- **EXERCISE REQUIREMENTS**:
Please repeat each line from the one holding "ISLRTC-hindi-Logo" through the final line of the data, exactly as it stands, with no pictures.

- **DATASET EXCERPT**:
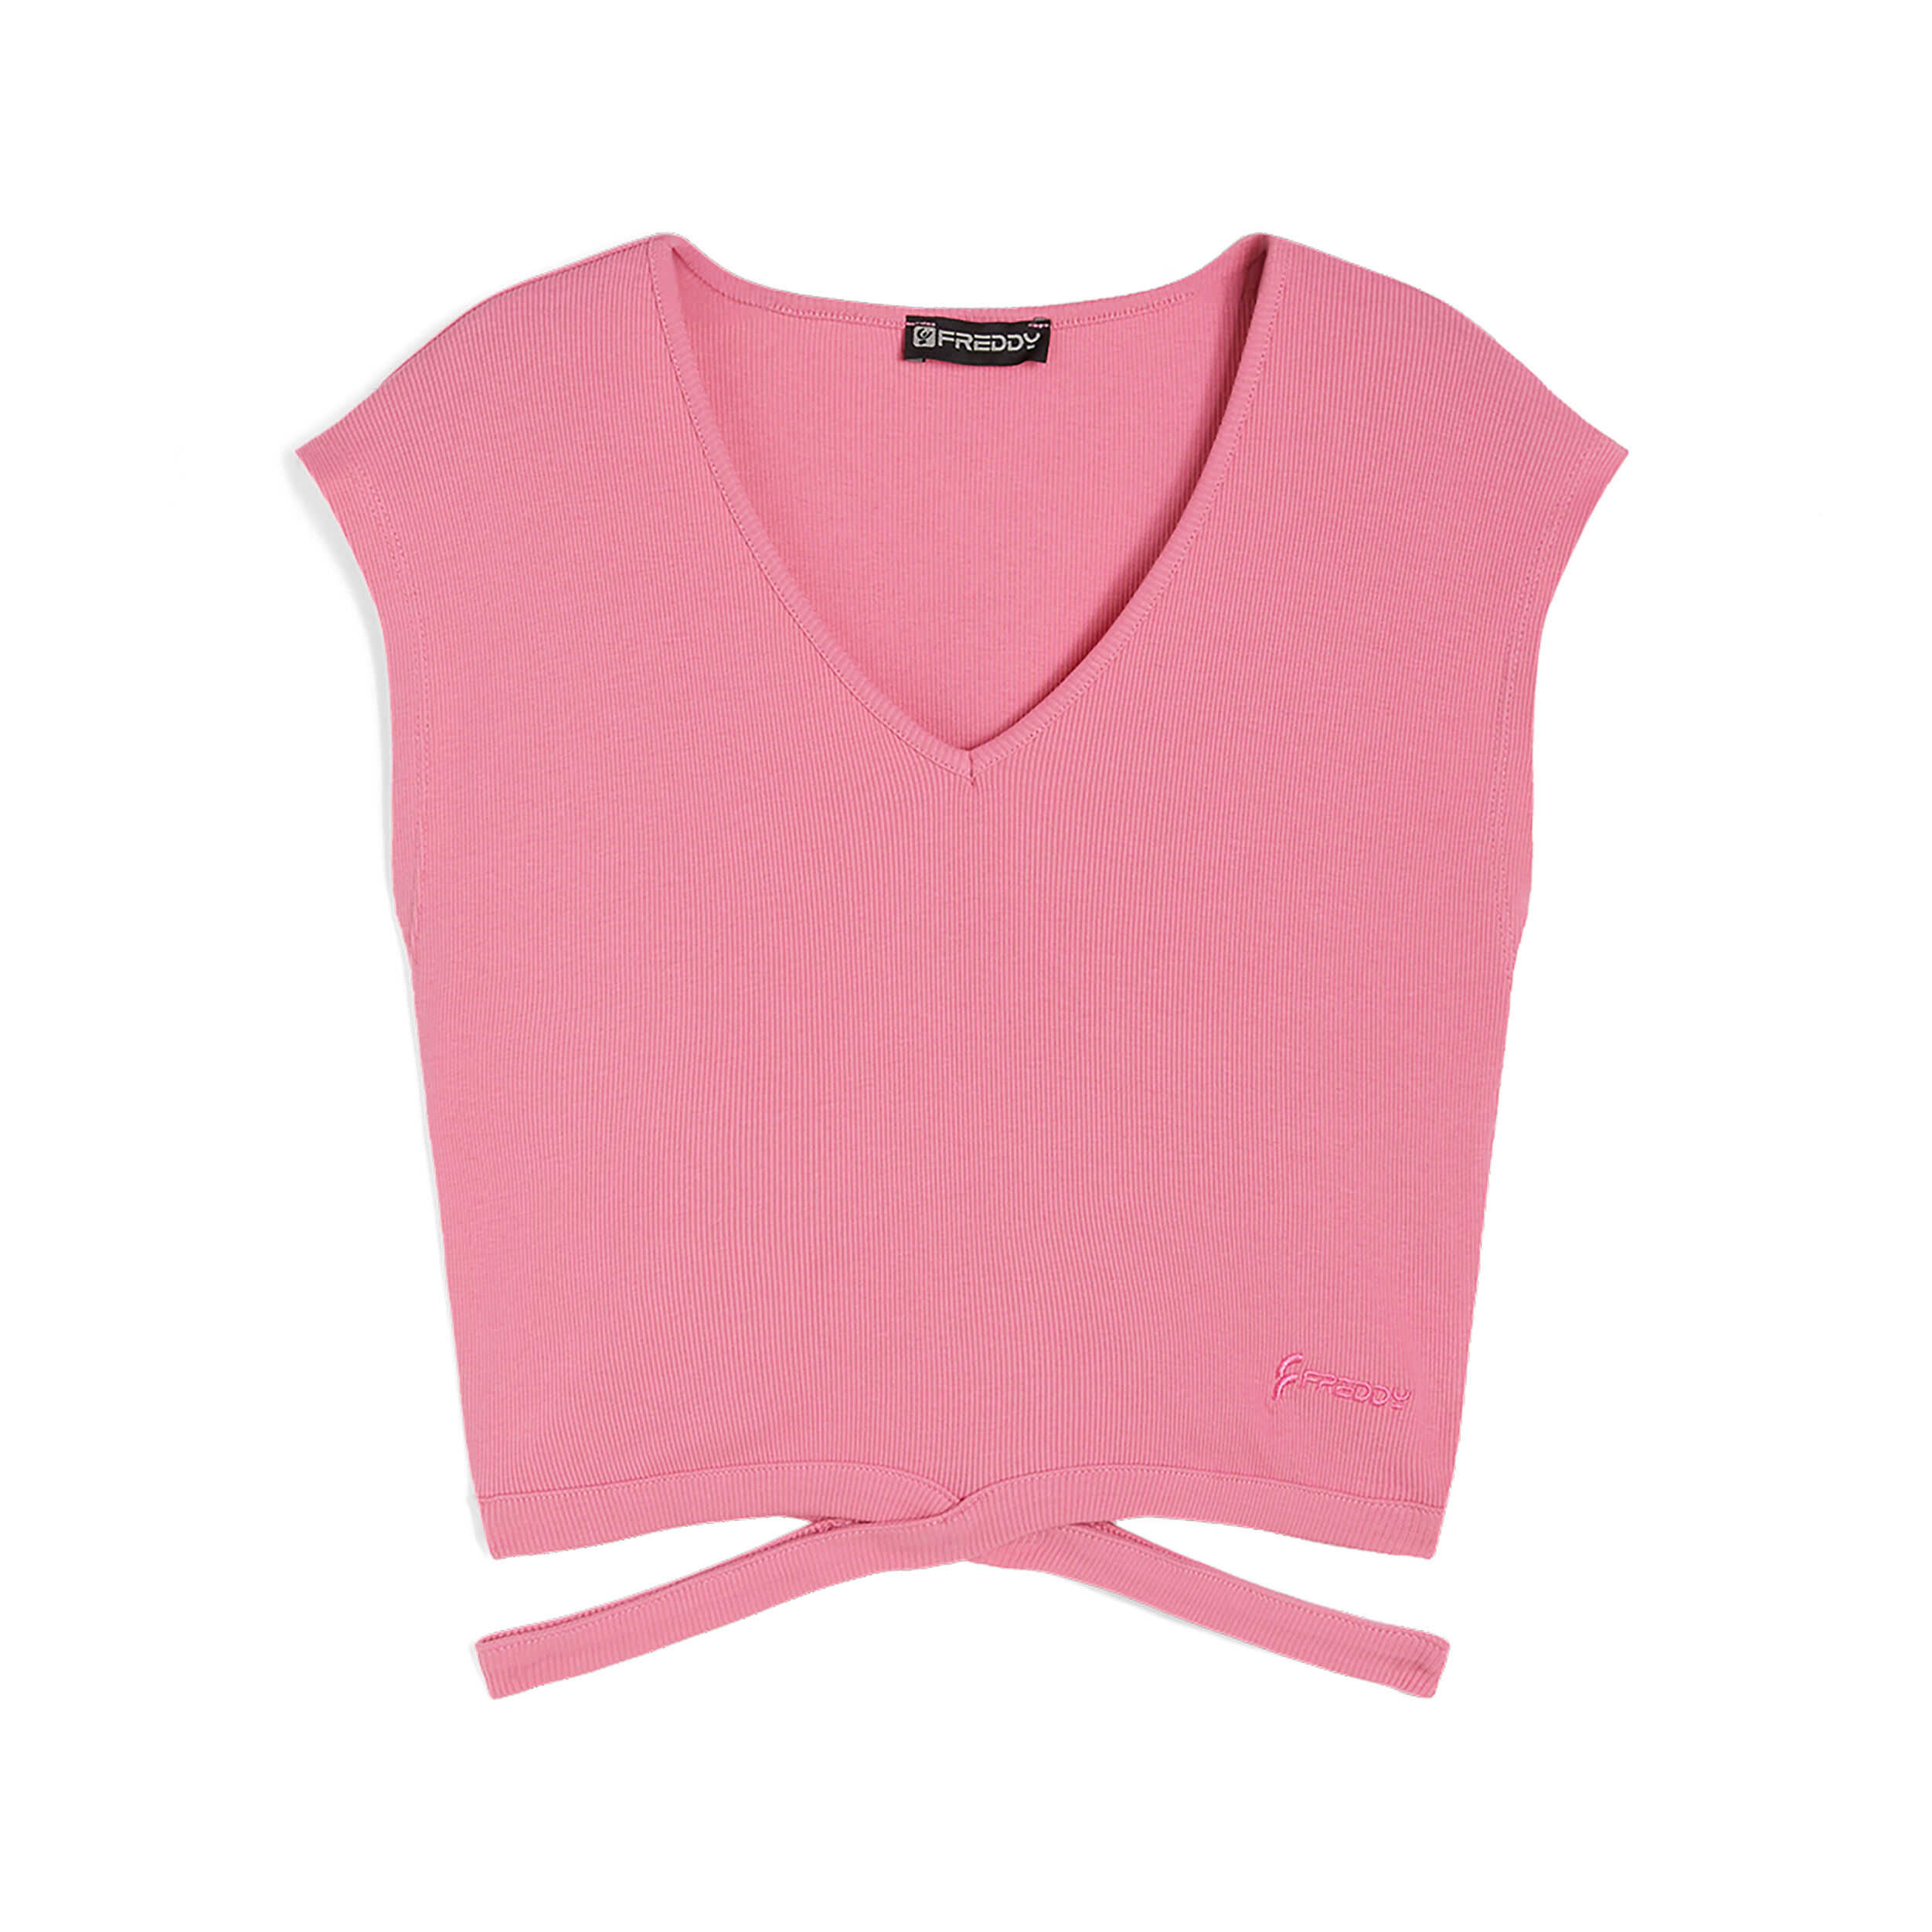 Freddy T-shirt slim fit in costina con gioco di incroci sul fondo Pink Carnation Donna Extra Large
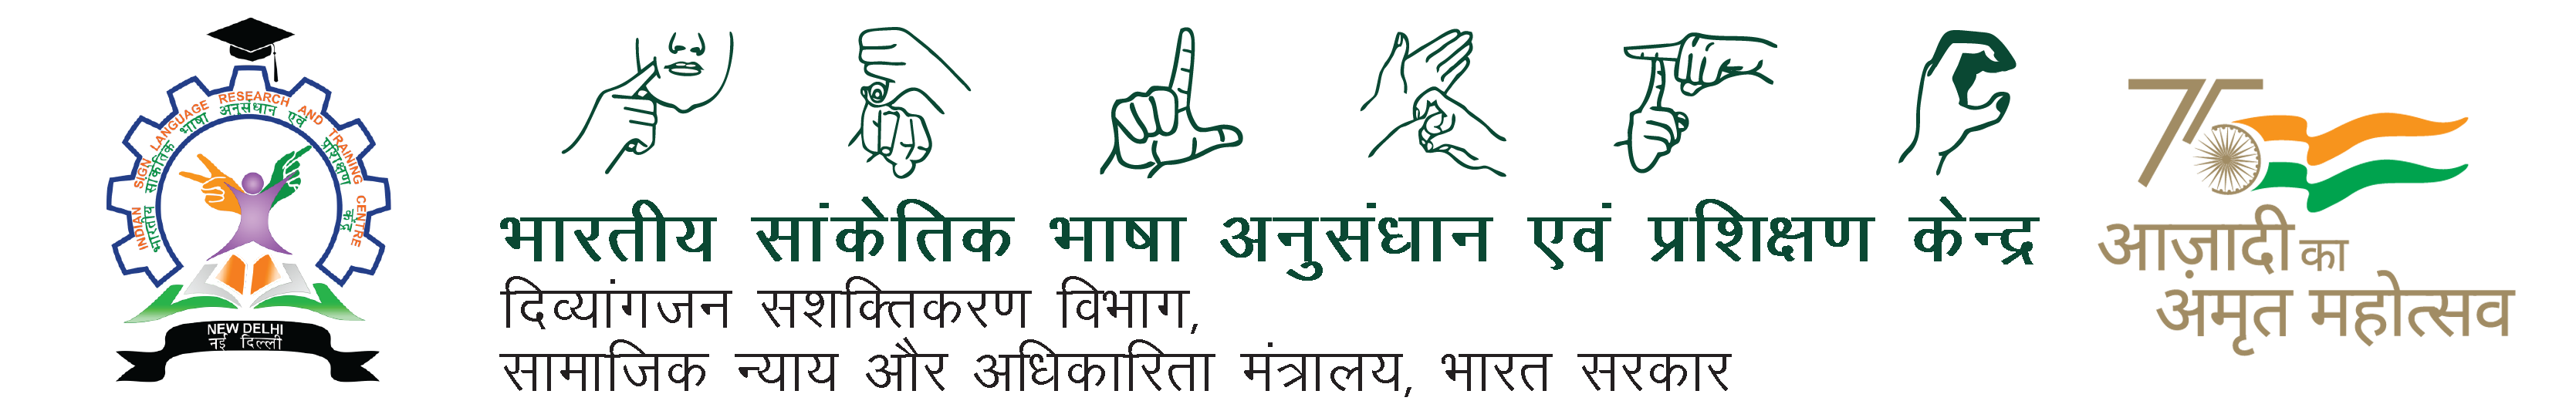 ISLRTC-hindi-Logo
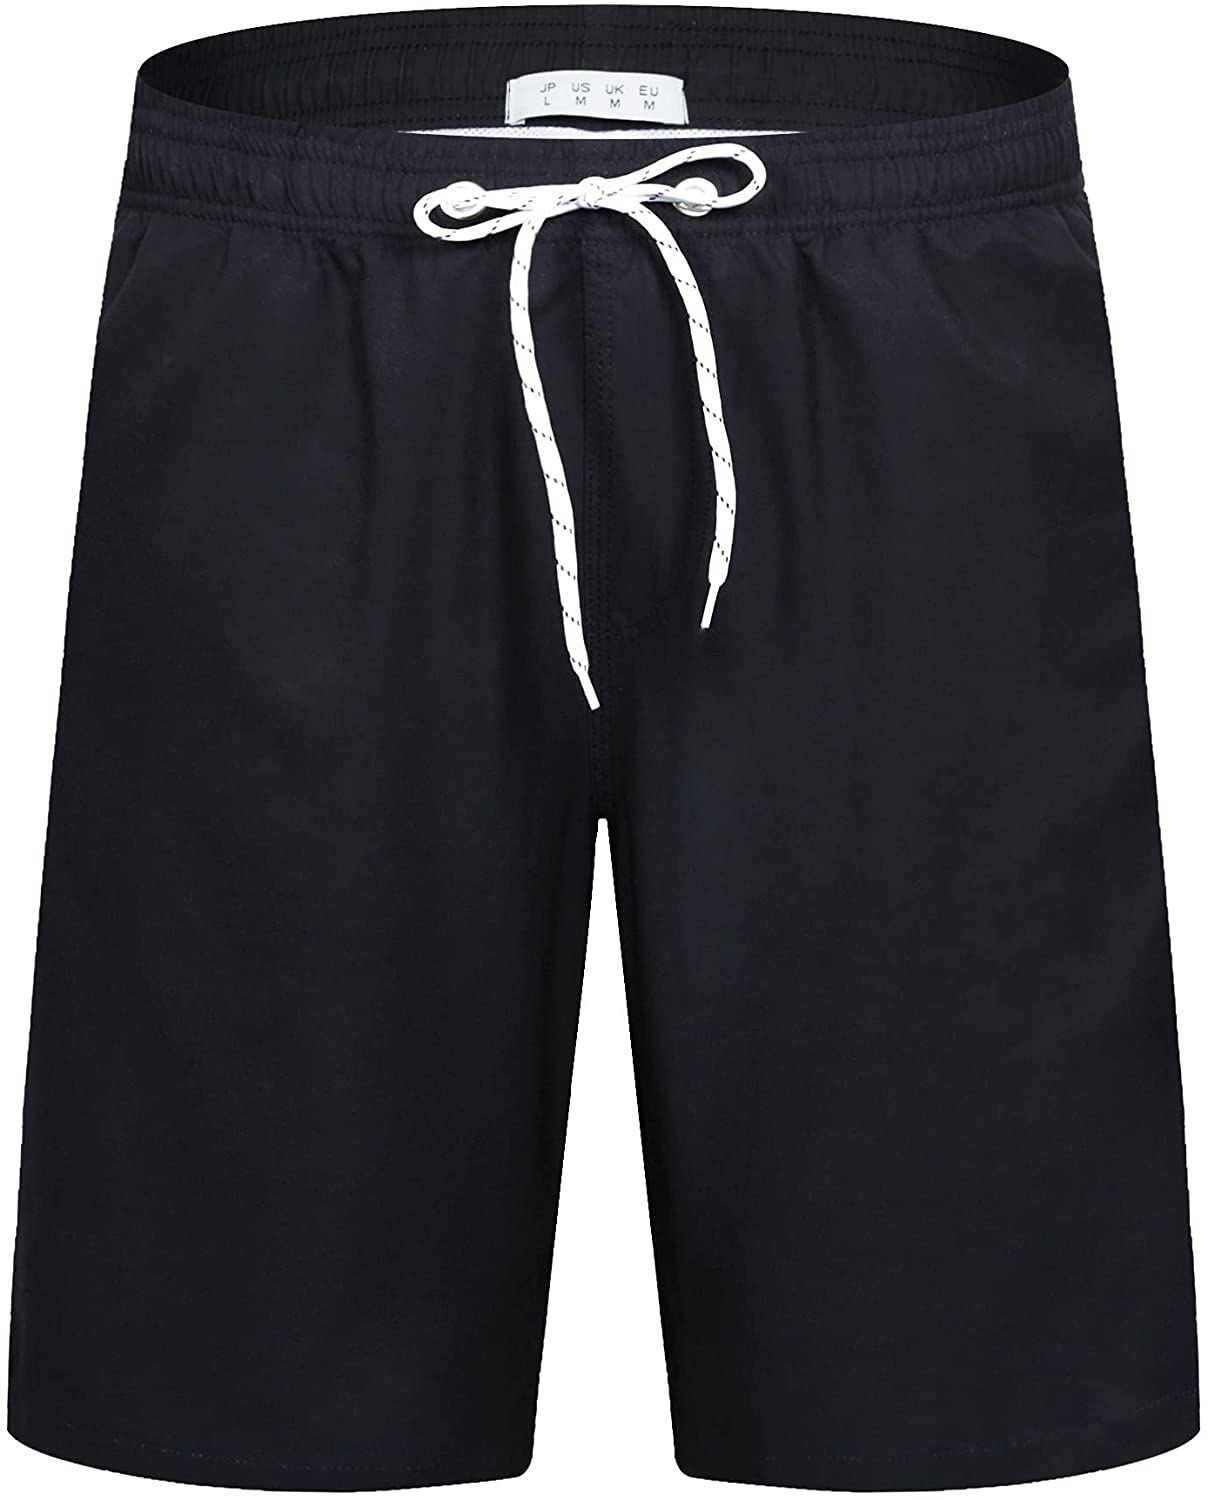 APTRO Men's Quick Dry Swim Trunks Swimwear Beach Board Shorts MP005 S :  : Clothing, Shoes & Accessories

- **PROBLEM SOLUTION**:
 ISLRTC-hindi-Logo
 APTRO Men's Quick Dry Swim Trunks Swimwear Beach Board Shorts MP005 S :  : Clothing, Shoes & Accessories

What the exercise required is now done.